MARC HIRSCHI BIEN PLUS PUISSANT AU SPRINT

Le scénario de la course s’avère passionnant et finalement, c’est dans les 100 derniers mètres que le groupe de contre avale la tête de course. Dans une arrivée jugée au terme d’un faux-plat montant de 300 mètres, Marc Hirschi se montre nettement le plus costaud. “Je m’étais mis dans la roue de Stefan Küng, dans l’espoir qu’il lance tôt, mais il avait beaucoup donné et n’avait plus rien. Il s’est vite écrasé. Le temps que je le déboite, Marc Hirschi avait déjà cinq vélos d’avance et il les a gardés”. Pas de regrets, malgré tout, pour le coureur de Wagner. “Franchement, il n’y avait pas photo. Il était plus fort”

Médaillé d’argent, Antoine Debons est très fier de son résultat. “Bien sûr, c’était sans doute une occasion en or de décrocher le titre mais 2e derrière (Marc) Hirschi, ça a de la gueule, ça le fait !”, se réjouit celui qui a pu compter sur son père pour l’aider ce dimanche. “Sur le Championnat de Suisse, il faut être au moins cinq ensemble pour avoir une voiture de dépannage alors on s’est rassemblés entre différentes individualités et c’est mon père qui a joué les directeurs sportifs”. Peu après l’arrivée, les messages de ses habituels coéquipiers de la Philippe Wagner Cycling se sont multipliés. “Plein de coureurs m’ont écrit, le staff aussi, et Philippe lui-même sur les réseaux.
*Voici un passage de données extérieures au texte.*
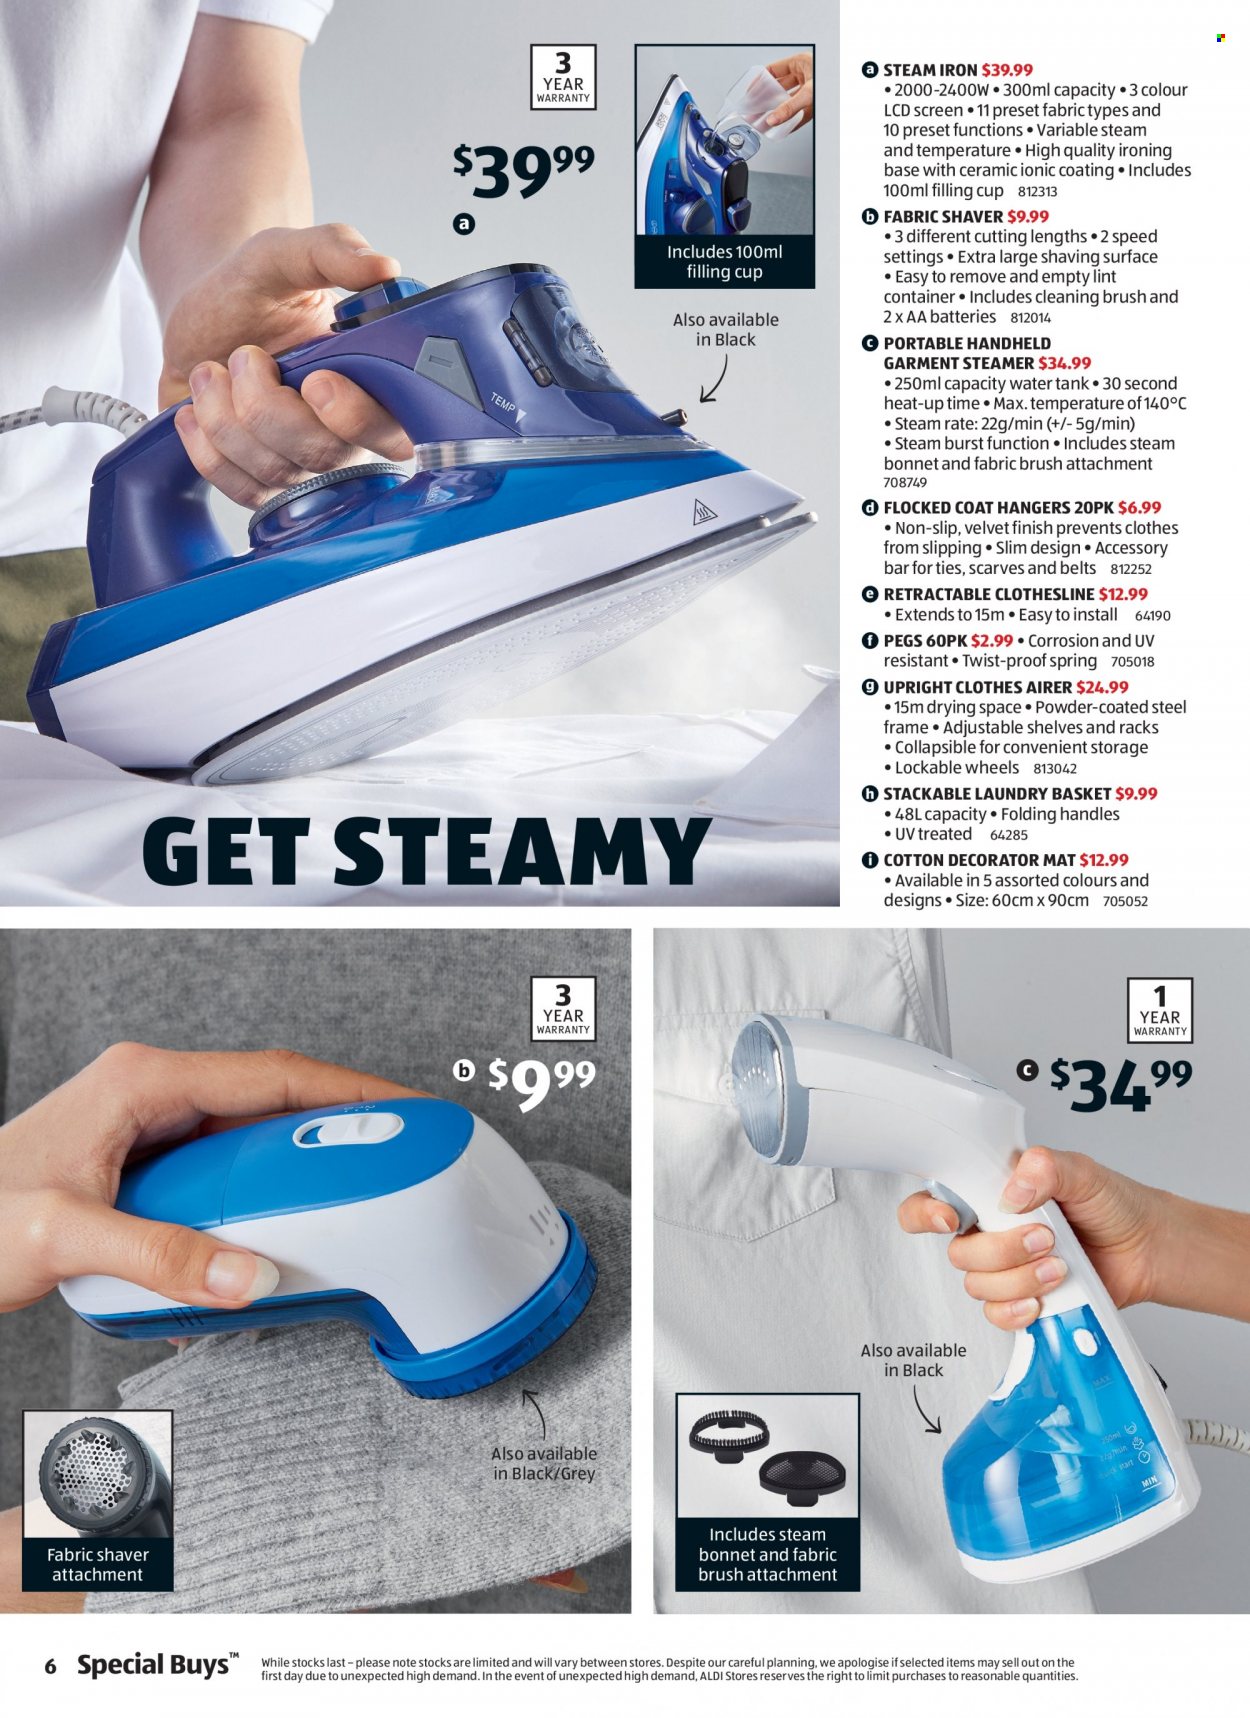 ALDI Catalogue - 12 May 2022 - 18 May 2022 - Sales products - basket, hanger, airer, cup, container, aa batteries, tank, hạndheld, steam iron, iron, garment steamer, fabric shaver, coat hanger, scarf, water tank. Page 6.

Je suis content et fier de ce que j’ai fait, j’espère qu’eux aussi”. Dans “une bonne période”, après avoir déjà terminé 3e d’étape à Montbéliard le week-end précédent (lire ici), l’athlète de 25 ans va encore enchaîner avec le Tour du Pays Roannais. Histoire, pourquoi pas, de profiter de ses excellentes jambes du moment pour aller en claquer une.